SUPPLIED DATA>
══════

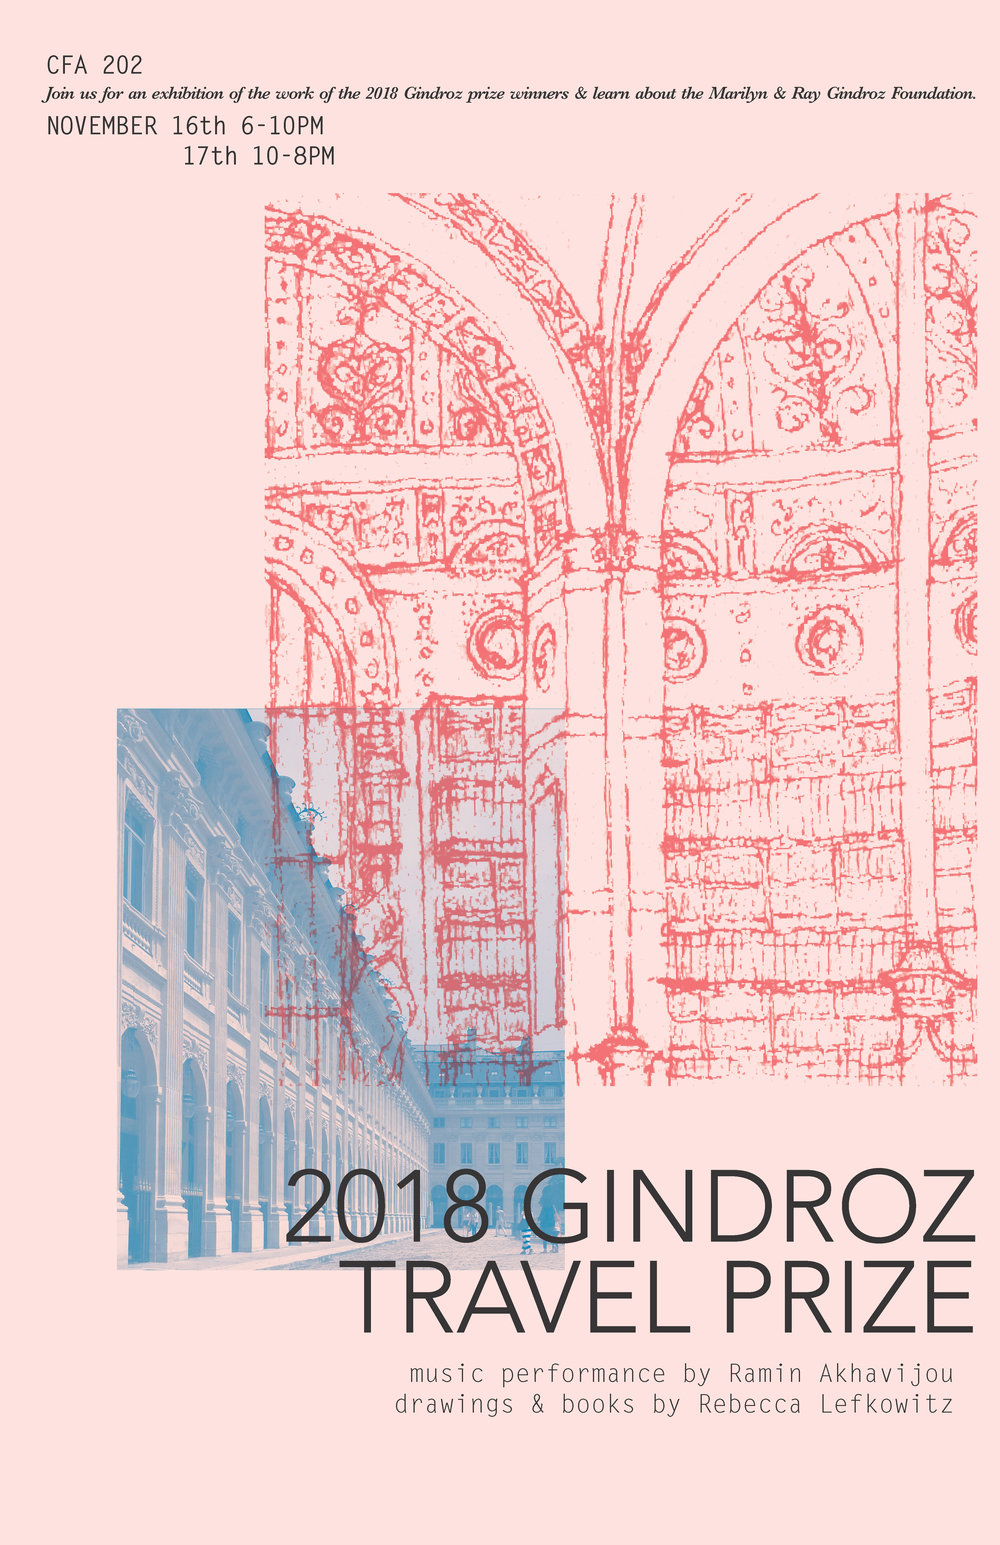 GindrozExhibit-Poster-003 - Rebecca Lefkowitz.jpg
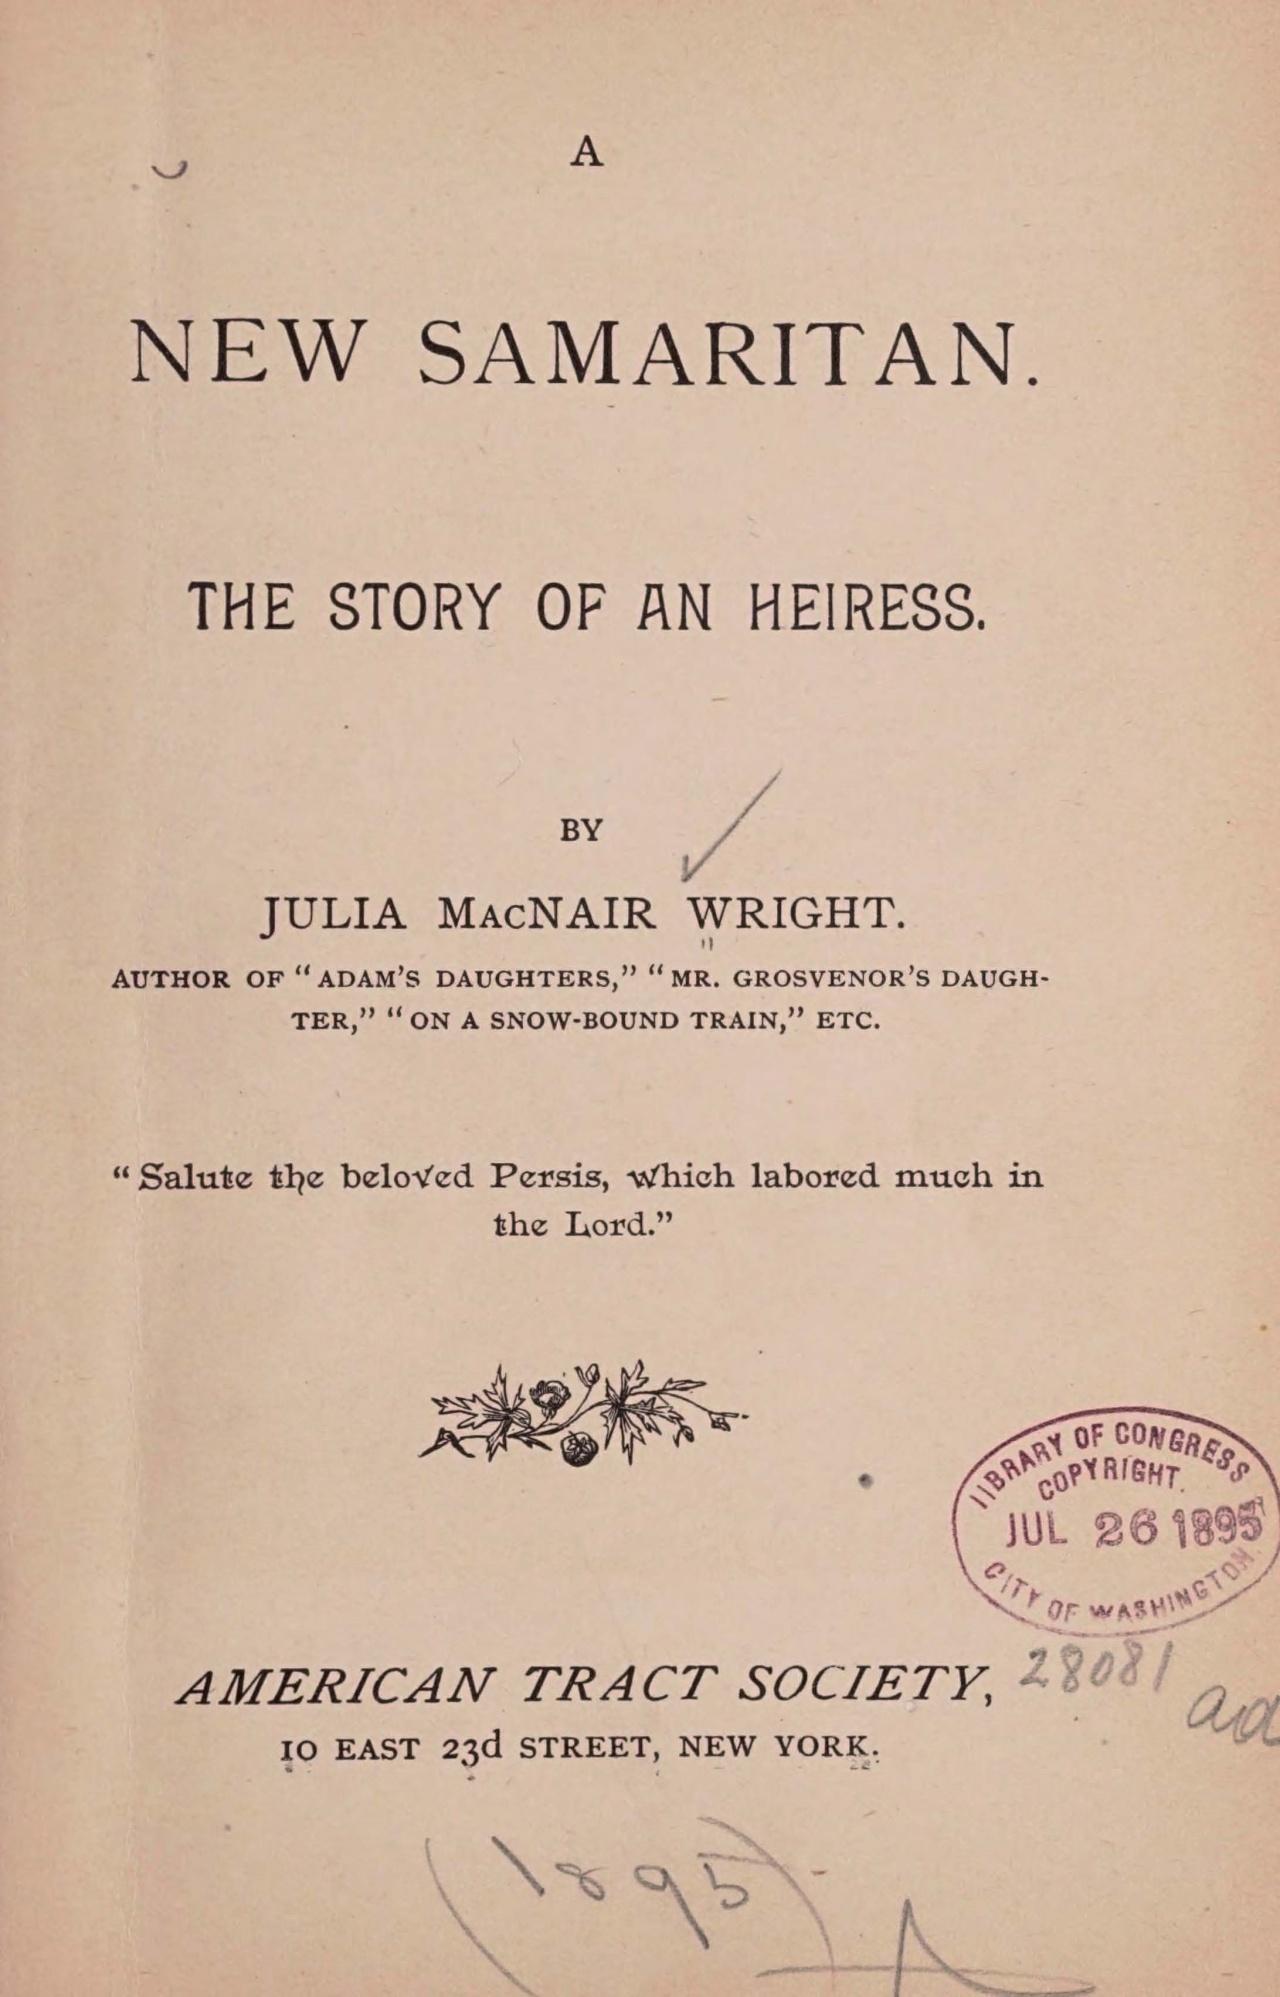 Wright, Julia McNair, A New Samaritan Title Page.jpg
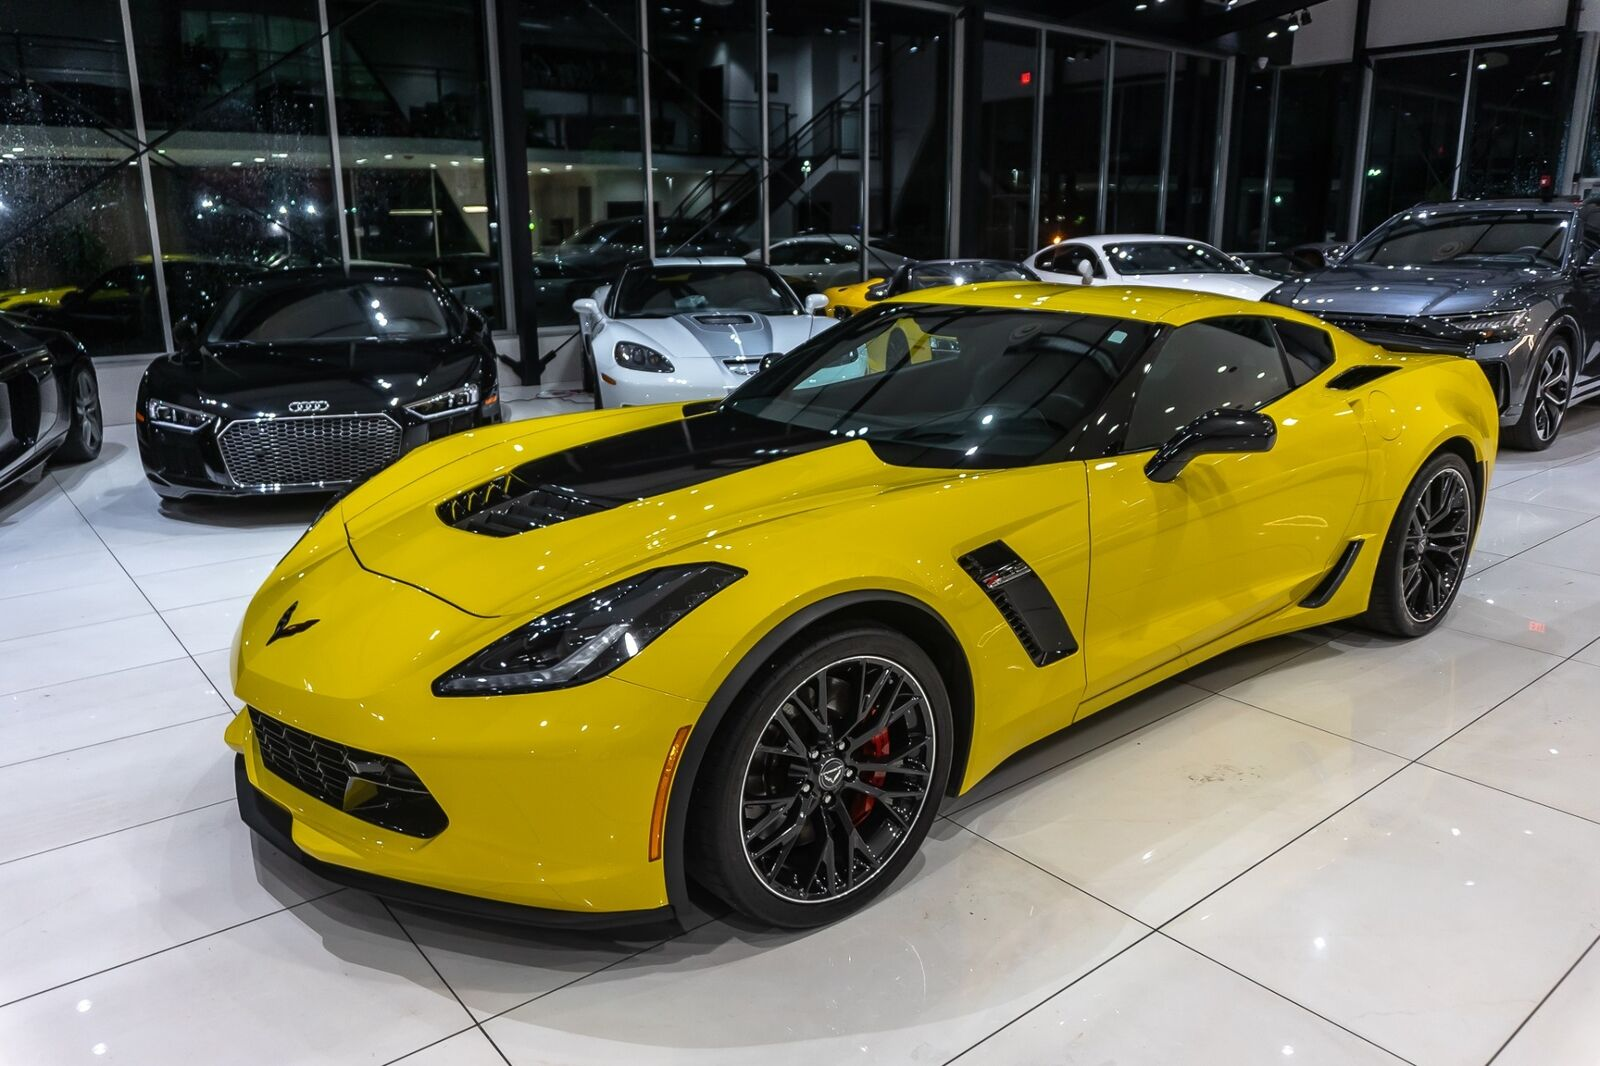 2016 Yellow Chevrolet Corvette Coupe 2LZ   C7 Corvette Photo 10

══════

Please repeat each line above exactly as it appears, but omit the pictures.

TASK OUTPUT>
 GindrozExhibit-Poster-003 - Rebecca Lefkowitz.jpg
 Wright, Julia McNair, A New Samaritan Title Page.jpg
 2016 Yellow Chevrolet Corvette Coupe 2LZ   C7 Corvette Photo 10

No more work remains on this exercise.